What Is Communication?
That sets a pretty high bar for what a principal can be because it has to be something you have to have to build a business and it has to be something that’s universal to all businesses. Probably, of all six of these principles, communication is the one that has the least argument against it being a business principle. What is communication in general? It’s the transmission of an idea from one individual to another. At its core, it doesn’t even have to be people. It can be the communication from any individual to any other individual, whether bees or primates.
In our case, it’s our transmission of an idea between one person and another. More importantly, the successful transmission of that information from one person to another. How we go about that is how we use the tools and the concepts of communication that have been learned over thousands of years. We want to be able to successfully transmit our intended message to our intended recipient and have them understand it the way that we meant. There’s a lot that goes into that process. At the end of the day, it’s the transfer of information from a sender to the recipient in a way that the recipient understands what the sender meant. Why is that a business principle? You have to be able to communicate to run a business.

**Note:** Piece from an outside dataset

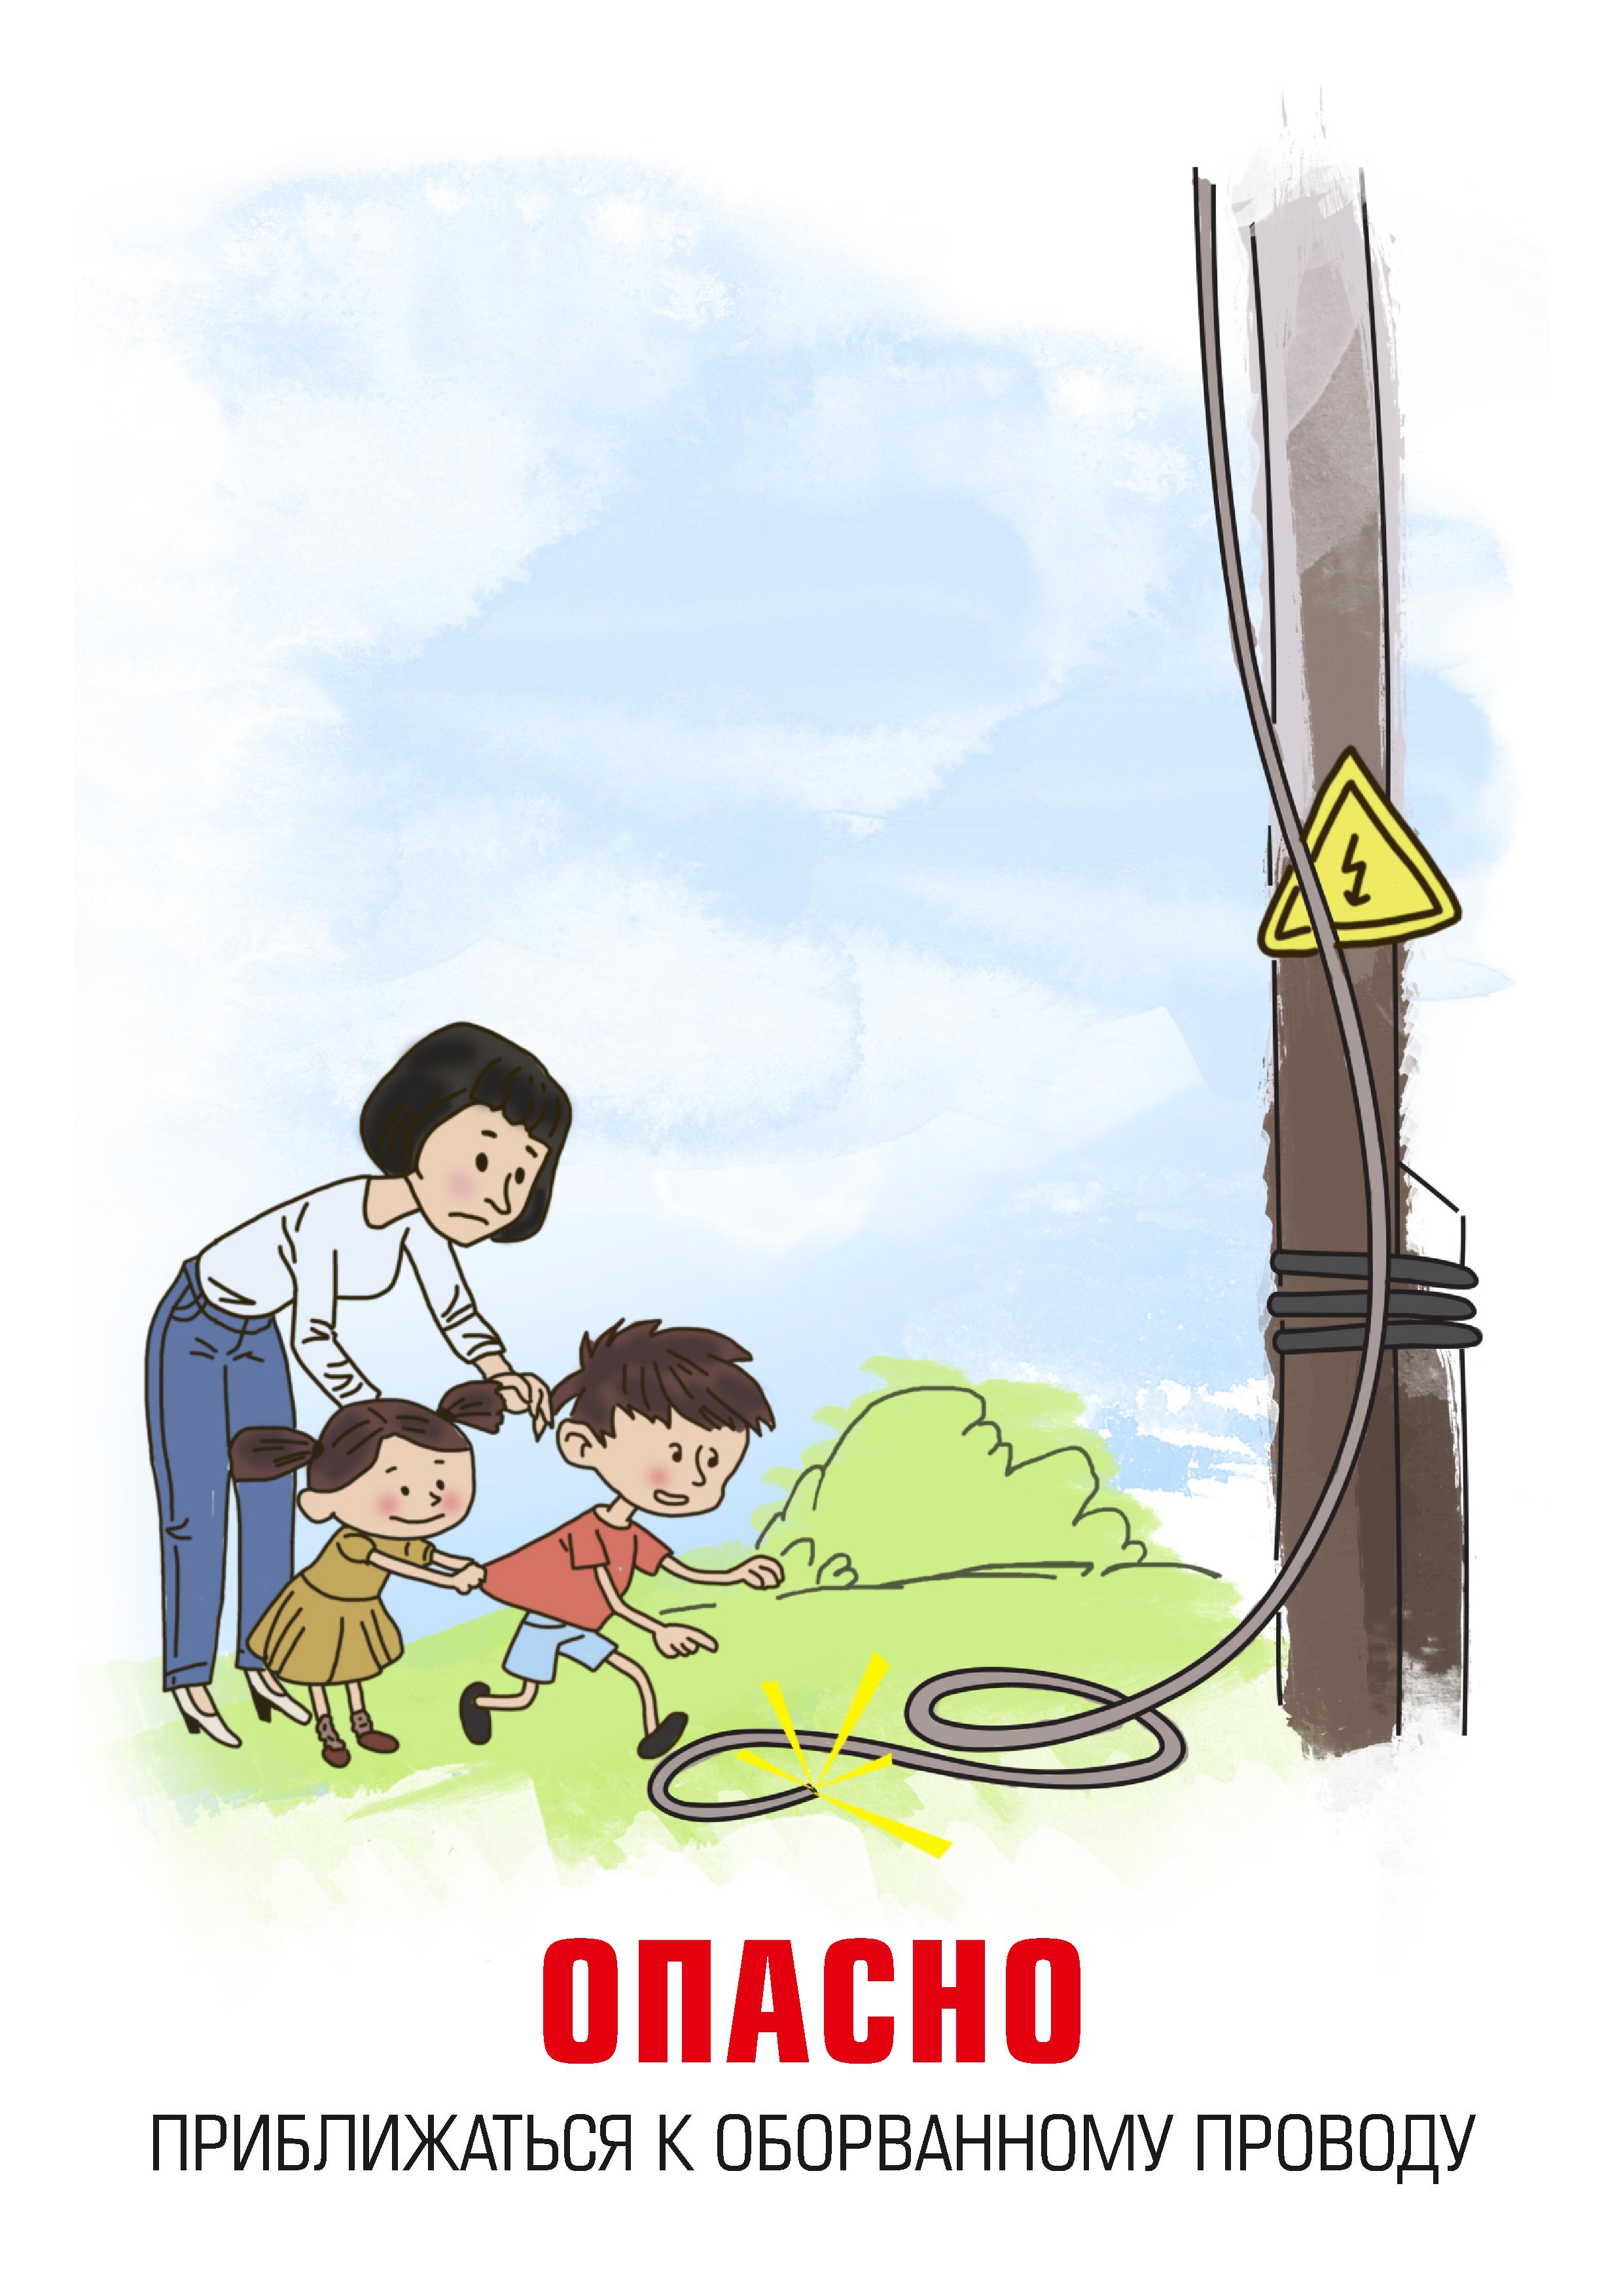 Электробезопасность плакат для детей

You have to be able to convey ideas, whether it’s to your customers or to your team or to vendors that you have to be able to communicate. It doesn’t matter what business model you use or if you’re solopreneur or a Fortune 500 company, you’re going to have to communicate. I want to share a story from about 1983. I was working at a supermarket in New Mexico as a fifteen-year-old or something around there. We had changed the radio station to a local rock station. I imagine it was probably playing hair bands at that point. I was stocking a shelf in one of the canned goods aisles, and a woman stopped me. She politely suggested that the music made her want to leave the store faster. The first part of the story is, there’s a couple of things that are already communication issues. First of all, our management team hadn’t made it clear what kind of environment they wanted and how the music that was played over the PA entered into that.
As a 15 or 16-year-old kid, it never entered my mind. That was the first problem. The next communication issue is that created an environment that was basically hostile to some of the clientele for that store. A teenage Stephen Krausse responded politely, but that since we spent eight hours a day in the store and customers only spent 45 minutes or so, we felt it was better to have music that we liked. That’s a whole different level of problems that I have been embarrassed, that I ever said since probably the day after I said it, but certainly all of my adult life.

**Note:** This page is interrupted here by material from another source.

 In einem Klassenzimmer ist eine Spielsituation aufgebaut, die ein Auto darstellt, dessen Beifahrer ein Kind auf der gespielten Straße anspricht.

My communication with women, while polite, was certainly inappropriate in a business context. The whole point is that there’s so much about communication that we don’t concentrate on as business owners and the owners for that supermarket hadn’t communicated those things to us. It matters because of how customers feel. This ties into this whole idea that communication happens, whether you intend it to or not, whether it’s the music in your store. Every time you communicate, there’s an experience that surrounds that communication. There’s an experience that surrounds your intention.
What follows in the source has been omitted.